A crucial factor in the energy storage business is product reliability and lifespan. Essentially, future intelligent operation should be maintenance-free, with a 20-year lifespan, while also requiring large-scale, standardized production to reduce costs. Most importantly, a tiered utilization industry needs to be established. If power batteries can achieve a 20-year lifespan, after 8 to 10 years of use in electric vehicles, these batteries can be completely recycled at very low cost and reused in grid energy storage. This places several important demands on us: cell design must ensure sufficiently long lifespan and high performance; and when manufacturing modules and electric vehicles, we must consider the ease with which future modules and electric vehicle battery packs can be integrated into energy storage systems. After energy storage is complete, the batteries can be recycled into raw materials to produce more cells. This could potentially create a complete circular economy industrial chain. Once this chain is established, each link can generate significant economic benefits, making it a sustainable development approach.

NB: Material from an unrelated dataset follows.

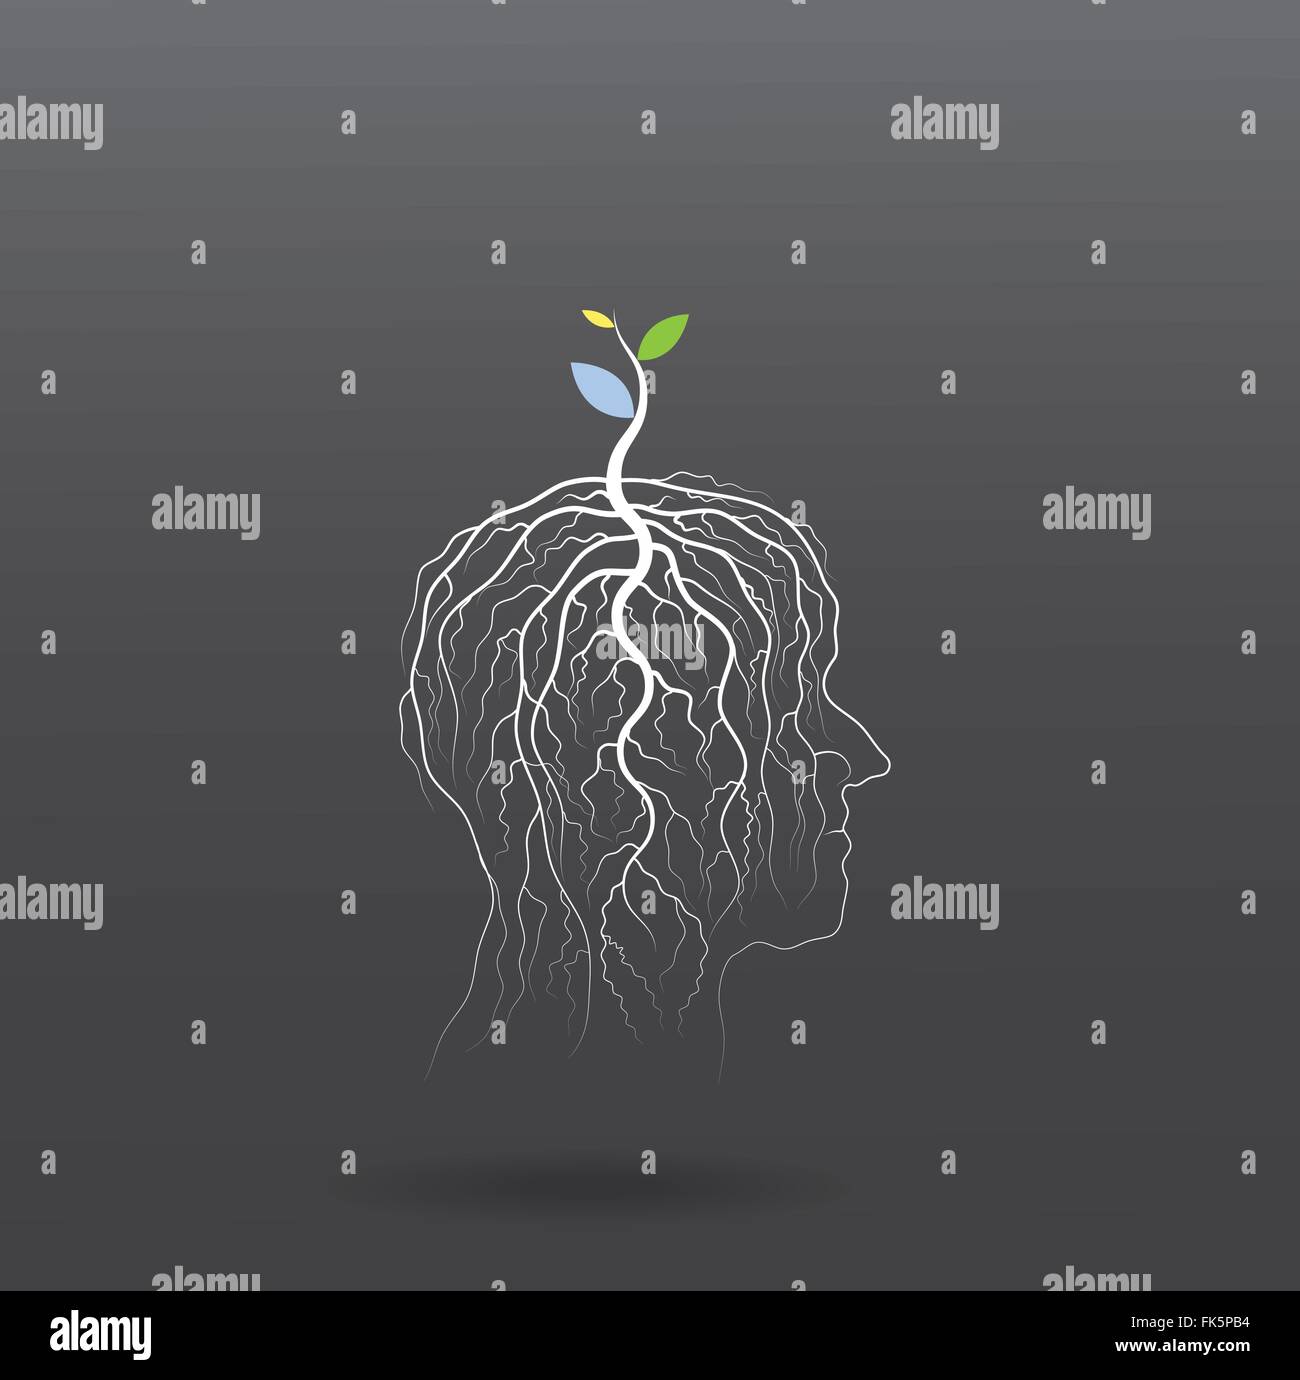 Denke, grüne Konzept. Baum der grüne Idee Shooting wachsen am menschlichen Kopf Symbol. Geschäfts- und grüne industrielle Idee. Vektor-illustration Stock Vektor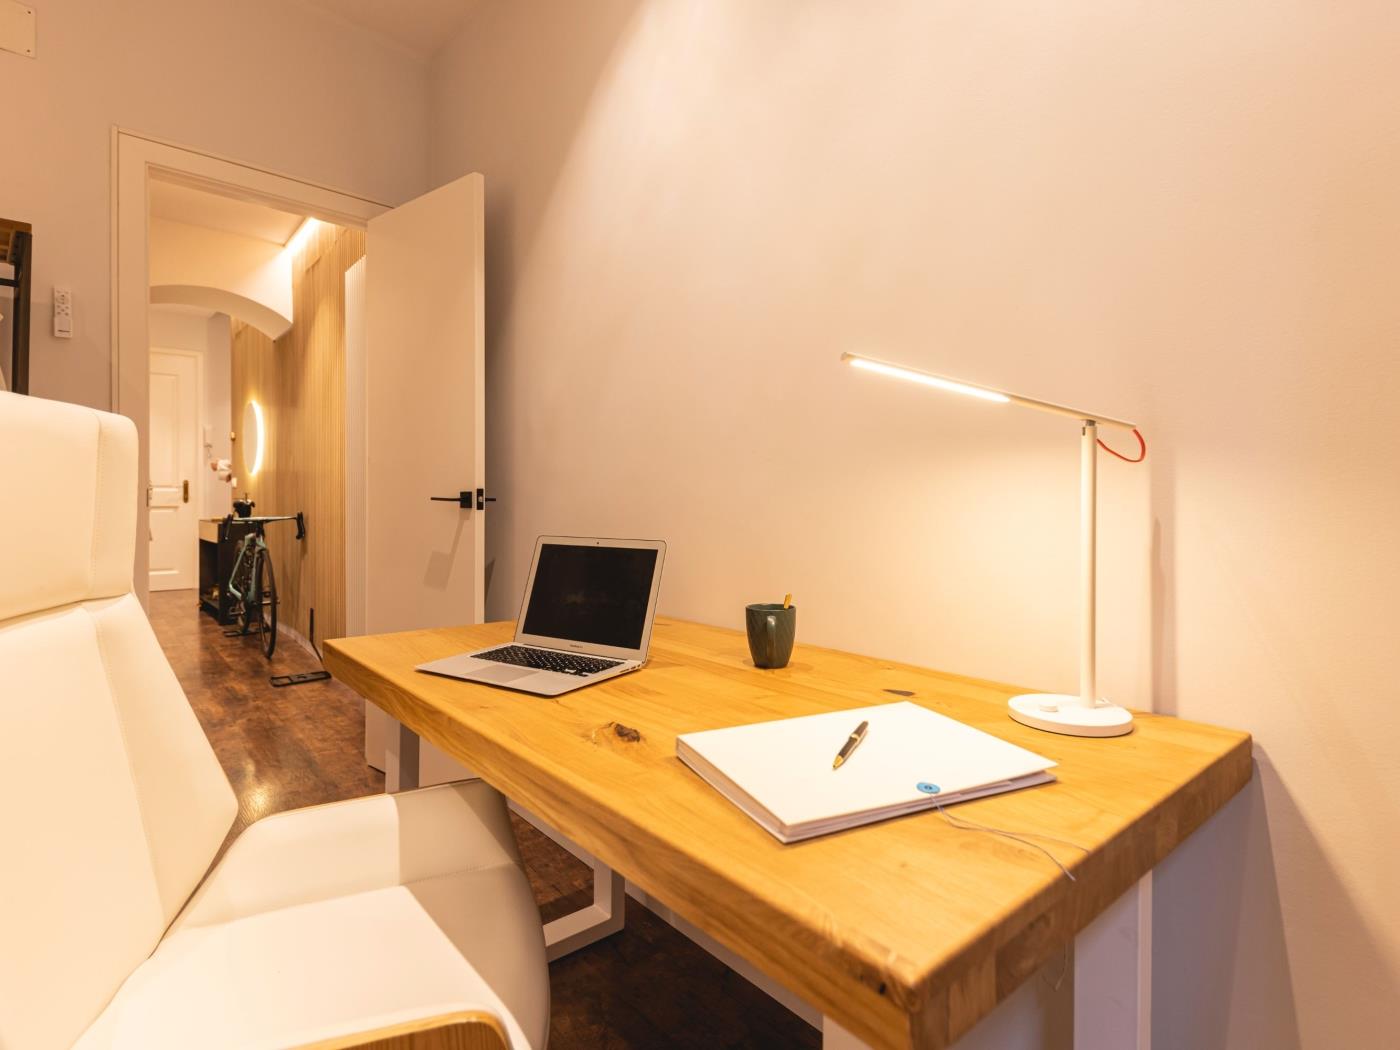 Bravissimo Ferreries, piso único de 3 dormitorios en Girona

Another point concerns the cost of lithium batteries. How should we view the cost of energy storage systems? We need to approach this complex issue with a very simple perspective. The key is understanding how much it costs to store one kilowatt-hour (kWh) of electricity and then return it. The reliability and safety of the system are the manufacturer's responsibility. In 2010, based on the price, performance, cycle life, and efficiency of lithium iron phosphate batteries, including the costs of the entire inverter and management systems, the overall cost per kWh for storing and returning one kWh was 2.87 yuan. This meant that unless there was a rigid demand, it was completely uneconomical. Thanks to the efforts of our colleagues over the years, 2015 was a year of change. With the same lithium batteries and the same system, the cost of storing and returning one kWh was only 0.73 yuan. This is based on current calculations, and it's actually better. If we can reuse electric vehicle batteries at a very low cost, the overall cost per kWh of energy storage systems will be very low in the future, creating significant economic benefits.
What should electric vehicles look like in our country in the future? Imagine a vehicle that can be fully charged in 15 minutes and travel 300 kilometers. If every gas station had such a device, using an electric vehicle would be completely free of the hassles of using a traditional gasoline car. This is also the inevitable trend of future new energy applications.